Part I theoretically evolves around the concept of common space. Common space has been
studied through two streams of thought. On the one hand, those working in the slipstream of Ostrom
(1990), the ‘Ostrom-theoretical approach’, have been concerned with investigating the preconditions for
the citizen-led management of shared resources in the setting of the city (Foster, 2013; Iaione, 2016).
On the other hand, a series of post-Marxist scholars, the ‘Radical-theoretical approach’, has posited the
concept as a political imaginary in opposition to the state and the market (De Angelis, 2017b; Stavrides,
2016). In order to structurally contrast these two approaches, they are discussed and compared along De
Angelis’s (2010) three elements of the commons: the ‘common good’, ‘community’ and ‘commoning’.
The part ends by applying these elements to a pilot case study: the Campo de Cebada (Madrid).
Part II focuses on the ‘production’ aspect of the equation. Henri Lefebvre’s (1991b) theory of
the production of space is first presented and thereafter reformulated in order to make it workable for
empirical scrutiny. More specifically, the construct of the spatial triad is brought forward as a threefold
lens through which to uncover how space-commoners relate to the aforementioned elements of the
common good, community and commoning. Taking a distance from Lefebvre’s vocabulary, the triad is
reworked to an ensemble of three ‘force fields’, consisting of ‘representation’ (space as thought),
‘configuration’ (space as built) and ‘signification’ (space as lived). The Part ends with an overview of
the data corpus, data selection and data analysis.
327
Making use of in-depth interviews, document analysis, participatory observation and ‘personal
presence’, Part III continues with three in-depth case studies on the cultural production of common
space. ‘The Public Land Grab’ (London) is a community farm through which commoners set out to
subvert the tactics used by private developers in order to protect their neighborhood from gentrification.
‘Pension Almonde’ (Rotterdam) entails the transformation of vacant housing infrastructure into a
common space for sheltering ‘urban nomads’. Montaña Verde (Antwerp) is an urban-artistic
intervention for the cultivation of plants and vegetables in the urban public realm.
Part IV, with the help of additional interview data, clusters eight ideal types of tactics within the
tailpiece of the study: the ‘Taxonomy of Tactics for the Production of Common Space’. From this point
onwards, three conclusive theses with regard to the production of common space emerge. ‘These One’
argues that commoning’s two forms – Symbiotic and Oppositional Commoning – do not collide with
the Ostrom-theoretical and the Radical-theoretical approach. Symbiotic commoners invoke the
predicaments of both theoretical approaches, as do the ones active in Oppositional Commoning. Qua
spatial triad, this means that commoners oscillate between the force fields of representation and
signification. ‘These Two’ argues that Oppositional Commoning need not necessarily to imply a
‘desertion’ from politico-economic institutions. ‘These Three’, finally, lays bare that each of the triad’s
force fields may ‘underwrite’ (make) but may evenly ‘undermine’ (break) commoning endeavours.

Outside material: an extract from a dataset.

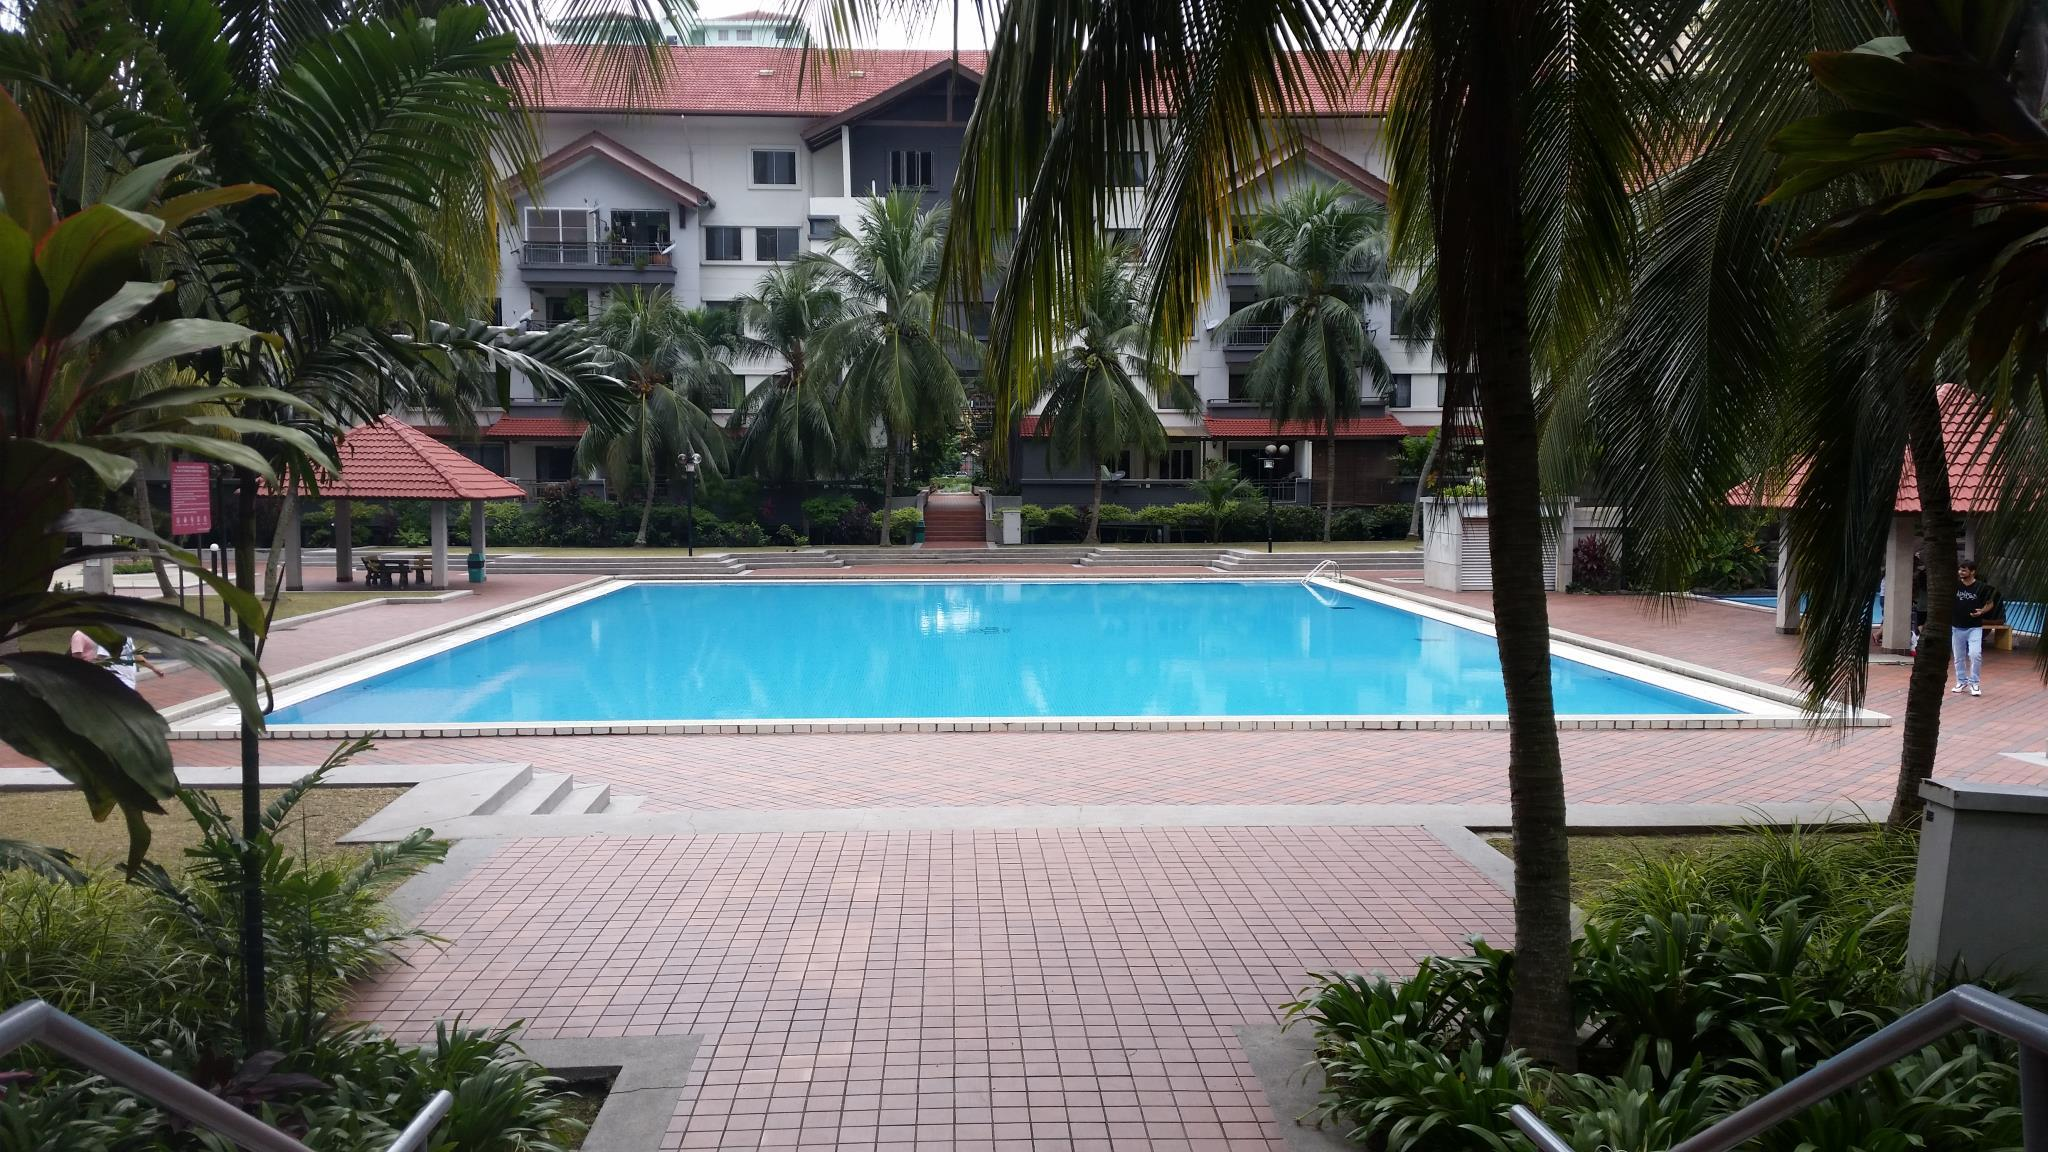 Tropical Resort Style Condominium 10min From KLCC

The study ends with an Excursus and an Epilogue regarding the relation between commoning
and political action. It asks: what would a properly political production of common space entail?
Mobilizing the work of Webb, Mouffe and Rancière, the study ends with a consideration of the Berlinbased collective of Raumlabor. Based on this collective’s production of common space, the final
argument, will be this one: whilst ‘properly political commoning’ may constitute a momentary matter,
it also requires the continued effort of counter-hegemony building. As such, finally, the core of this
study, the spatial triad, reenters the analysis. Namely, a properly political production of common space
will be seen to depend on the self-instigation of a physical ‘stage’ of dissent (configuration), on prepolitical deliberation (signification), and on the development of a shared counter-representation among
a ‘chain of equivalence’ (representation).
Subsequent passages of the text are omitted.